Like how "literally" has come to represent the feeling of emphasis, and the association with the experience of one-upping other emphatic adjectives like "extremely."



Common use does not make it right. People using litterally in this way are just showcasing their ignorance.


You must not be familiar with the "Prescriptivist vs Descriptivist" debate.

http://english.blogoverflow.com/2012/10/prescriptivism-and-d...


> Common use does not make it right.

In fact, this is the very mechanism by which language evolves.


You mean degrades?


Being flexible with my language doesn't keep me from being precise. I said what I meant.


Actually not.
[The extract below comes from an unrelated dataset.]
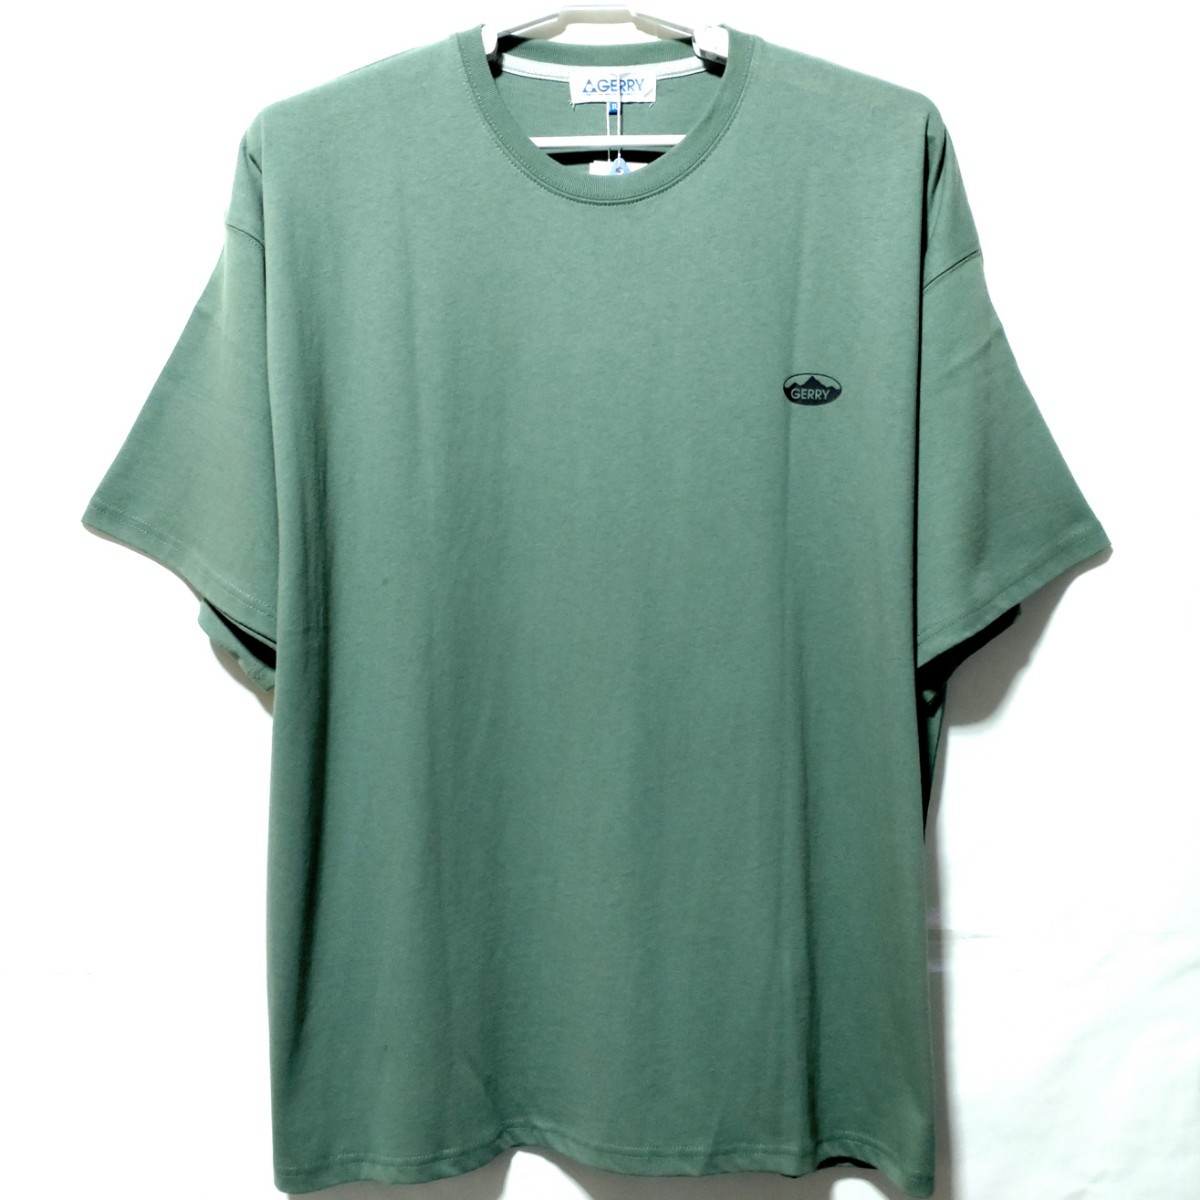 特価/未使用【サイズ=3L(2XL)】GERRY/ジェリー/メンズ/半袖/Tシャツ/ビッグシルエット/胸囲=106~114cm/light.greenの画像3

If you google the debate you'll find there's a history of using the word this way that goes back a very, very, long time in a variety of literature.

I have to admit I thought the same as you until someone pointed this out.


Common use is literally the only thing which defines correctness.


¿Por que no los dos? In current use, ‘literally’ for emphasis is a sign of a lowbrow sociolect.


> lowbrow sociolect

Is this Pretentious Twaddlese for "stupid"?


No, for ‘ignorant’, as the grandparent said.


The dictatorship of the Majority ?


I find it weird that this fight is only over "literally" (which doesn't actually literally mean non-metaphorically, but rather "to do with letters") but not "really", "truly" and "actually" and other such words which do literally mean "this is true and real".


You've fallen victim to Muphry's law:

https://en.wikipedia.org/wiki/Muphry%27s_law

"litterally" only has one t in it.


The same word in French as two so this is probably one letter that was dropped over time.


> Common use does not make it right.

Yes, it does. There is no "right" in language use beyond communication with the target audience. What people understand a word to mean is all there is.